Below is a listing to copy exactly; no image goes into the copy.

##### Available data #####

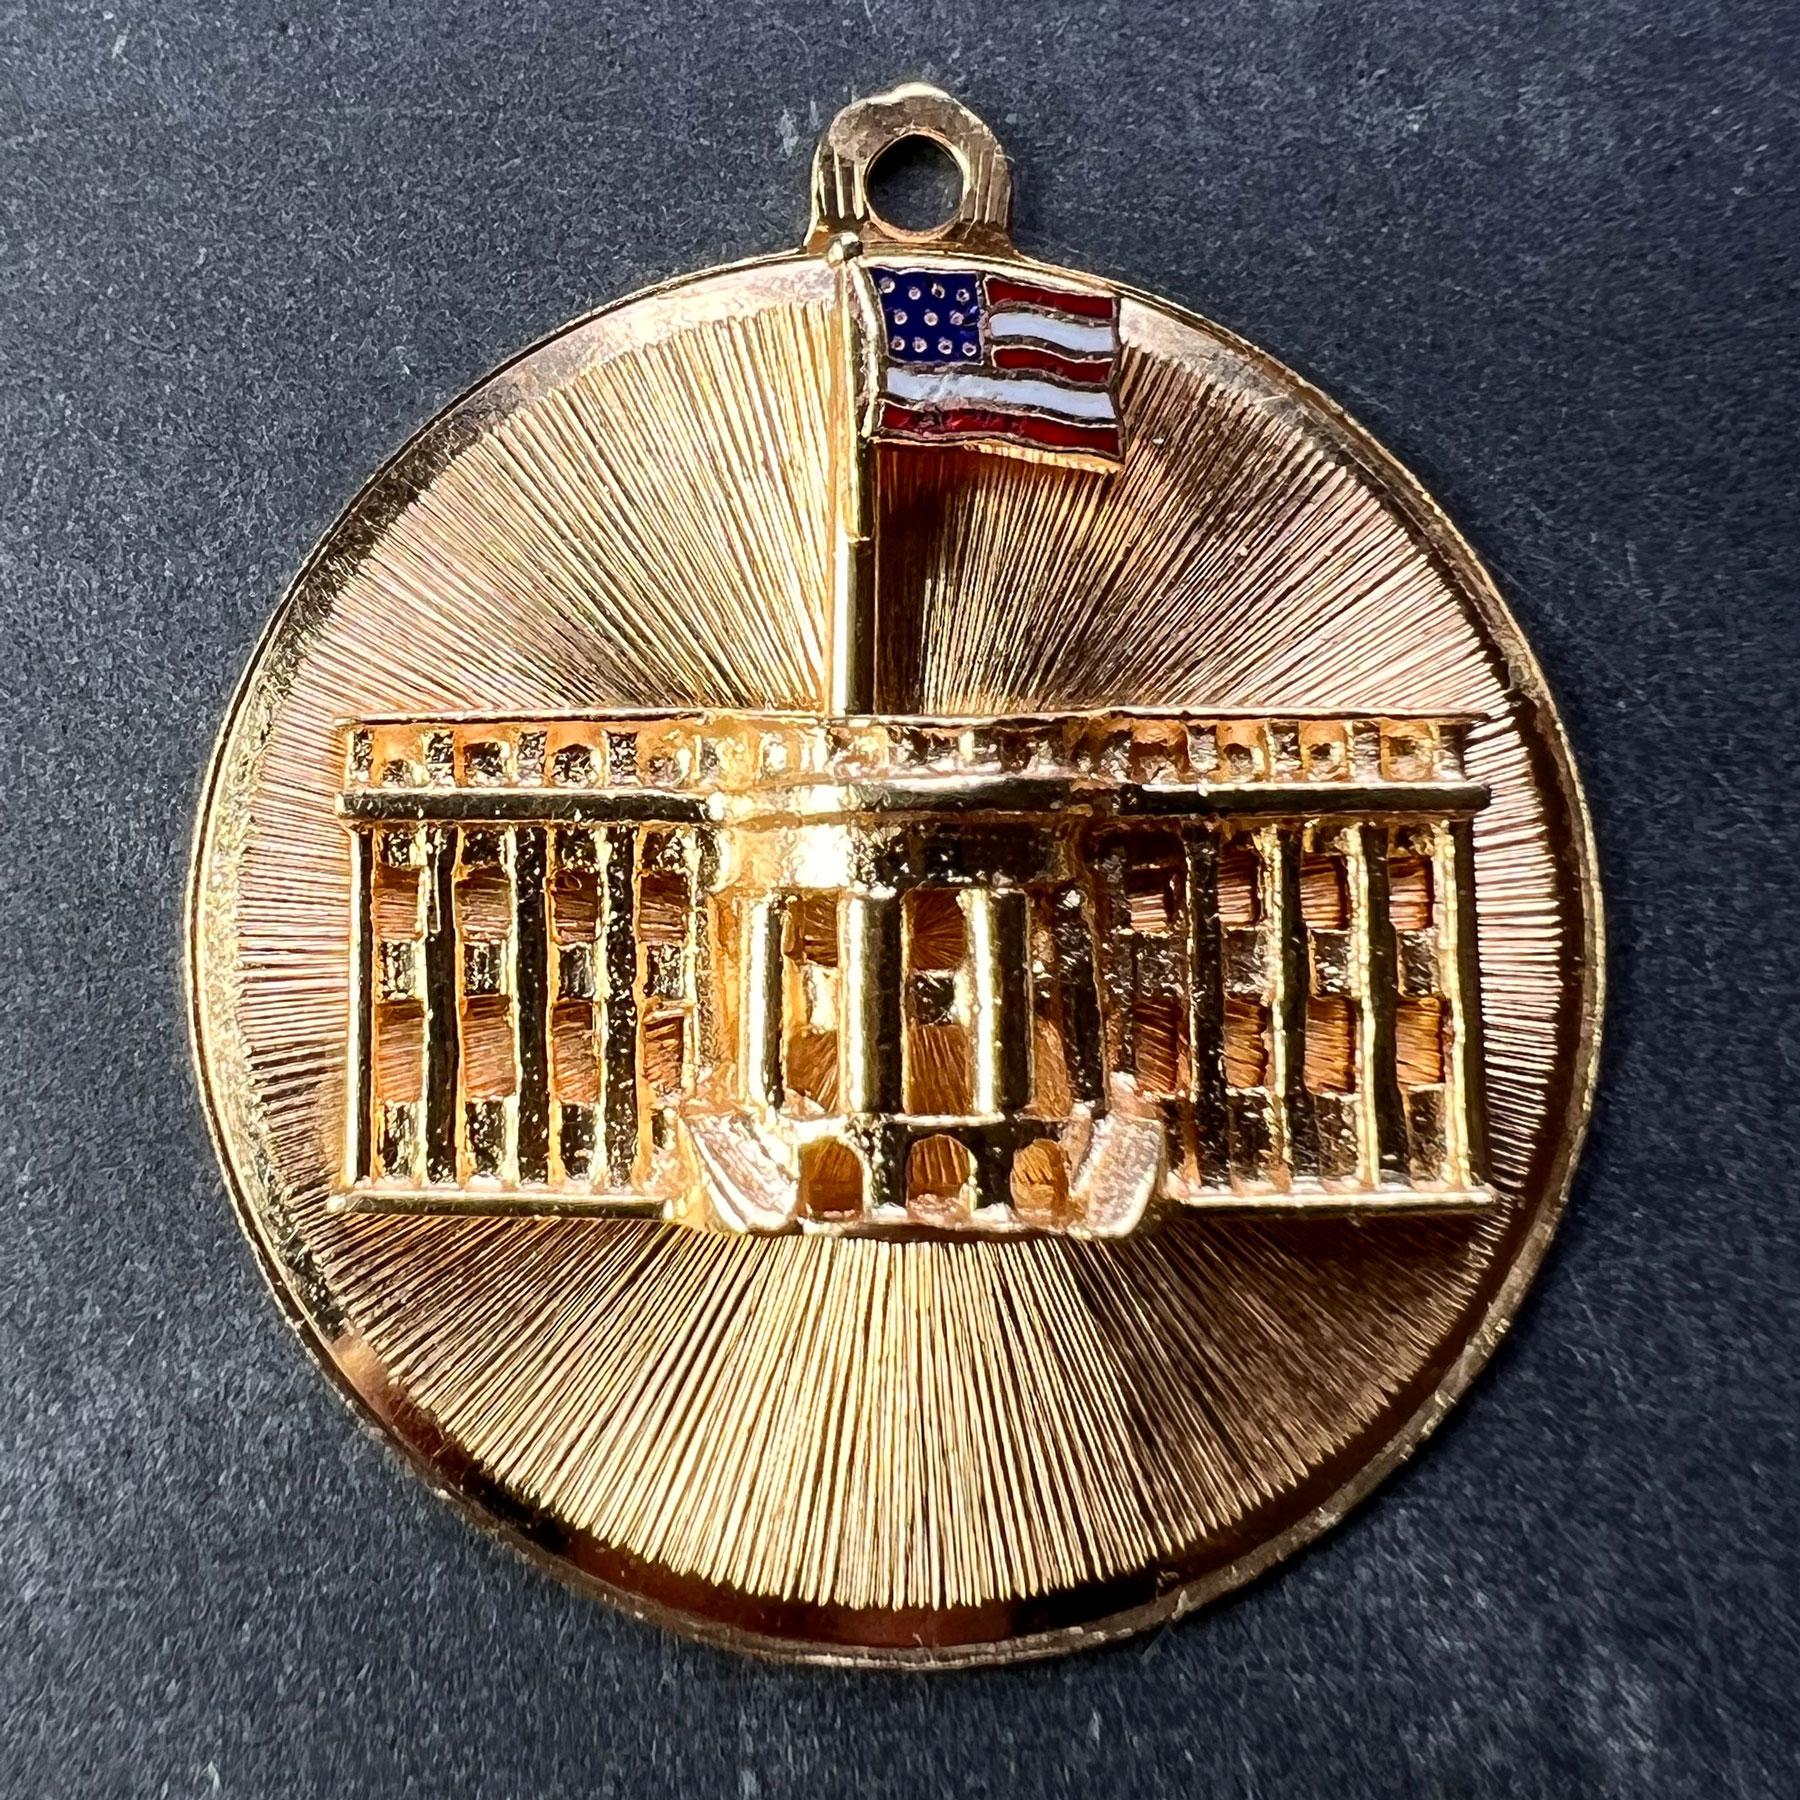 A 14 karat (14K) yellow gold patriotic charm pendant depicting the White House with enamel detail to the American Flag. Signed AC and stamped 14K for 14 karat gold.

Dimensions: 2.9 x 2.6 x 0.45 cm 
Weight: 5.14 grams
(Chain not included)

#####

● **Output of the exercise**
 A 14 karat (14K) yellow gold patriotic charm pendant depicting the White House with enamel detail to the American Flag. Signed AC and stamped 14K for 14 karat gold.

Dimensions: 2.9 x 2.6 x 0.45 cm 
Weight: 5.14 grams
(Chain not included)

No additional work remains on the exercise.